GIVEN INFORMATION:
★ ★ ★ ★ ★ ★ ★
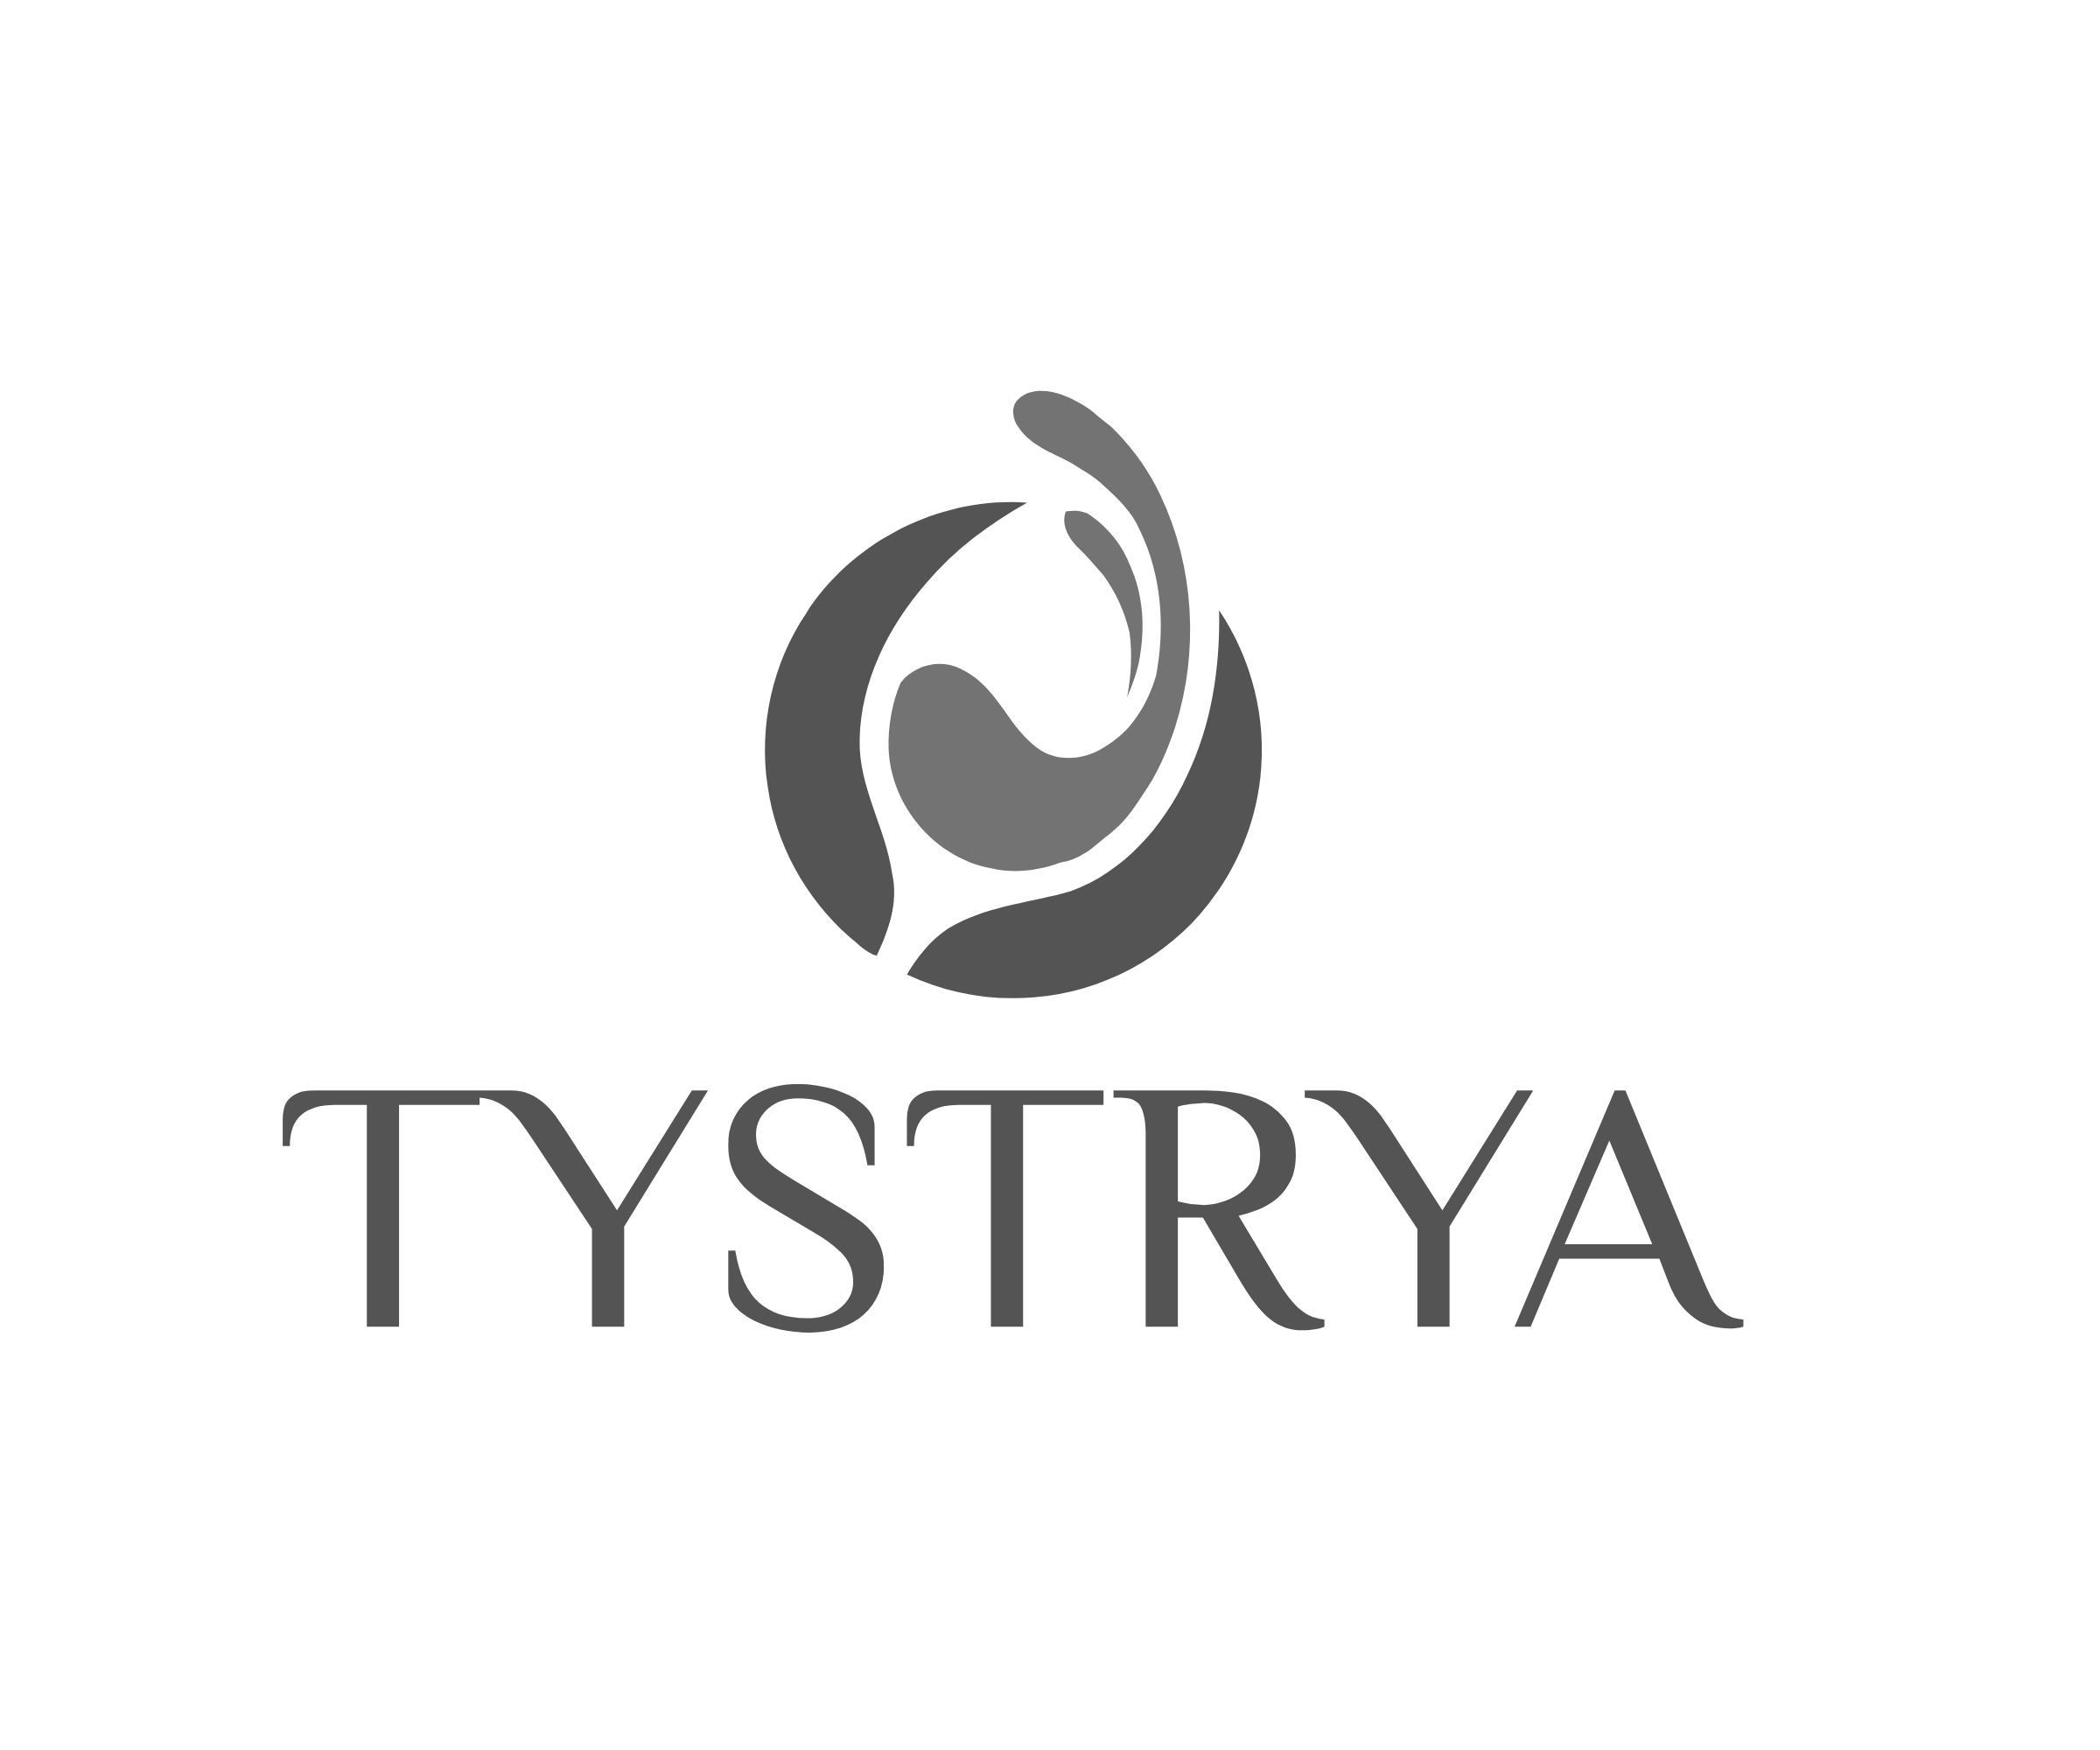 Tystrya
★ ★ ★ ★ ★ ★ ★
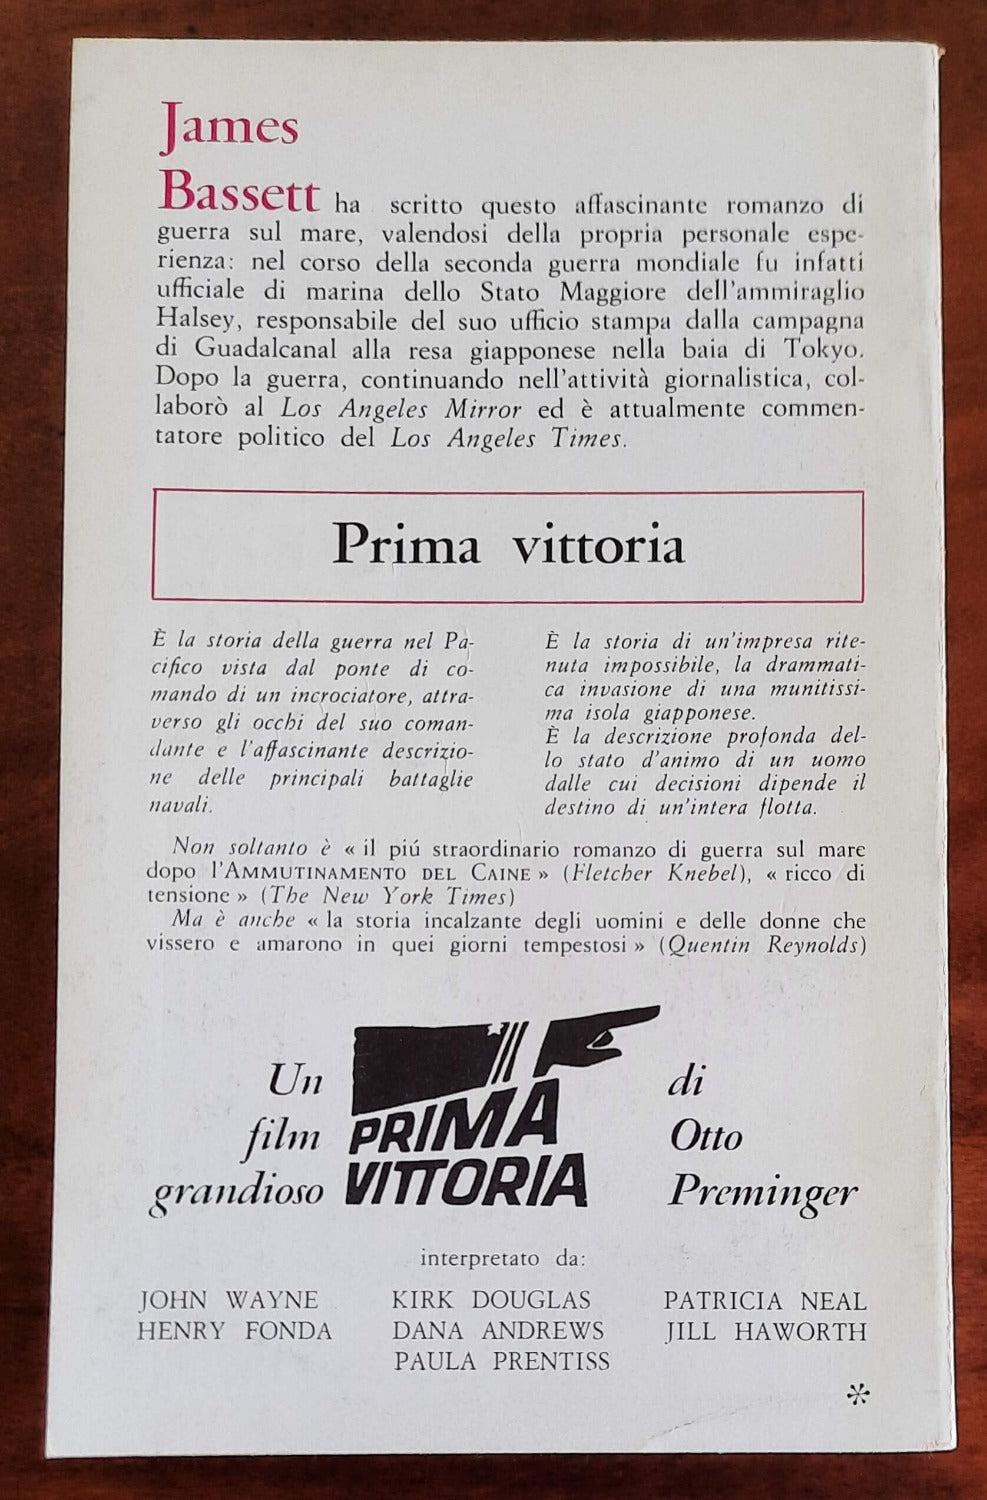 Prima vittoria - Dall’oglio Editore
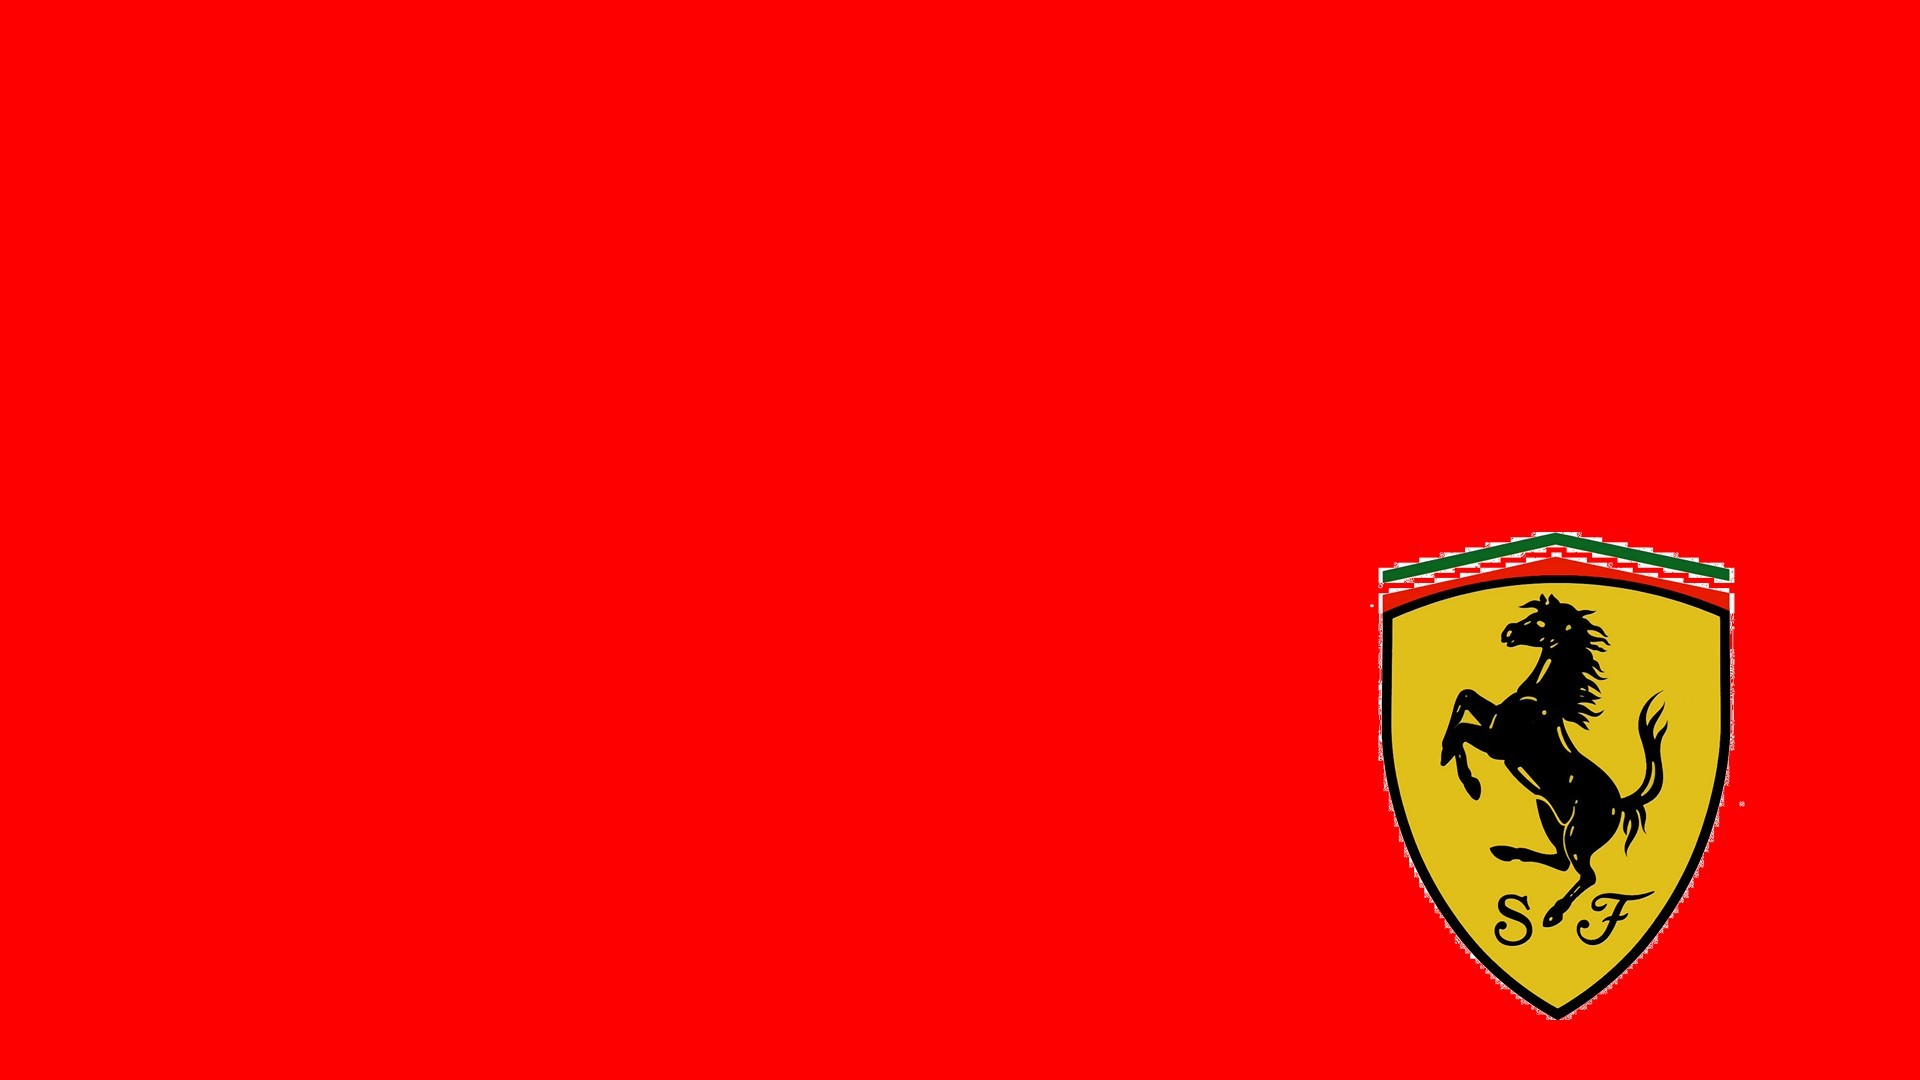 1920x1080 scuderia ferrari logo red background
★ ★ ★ ★ ★ ★ ★
WORK ITEM: Transcribe, exactly and without pictures, everything in the data from the line with "Prima vittoria - Dall’oglio Editore" down to the line with "1920x1080 scuderia ferrari", both included.

SOLUTION FOR THIS PROBLEM:
 Prima vittoria - Dall’oglio Editore
 1920x1080 scuderia ferrari logo red background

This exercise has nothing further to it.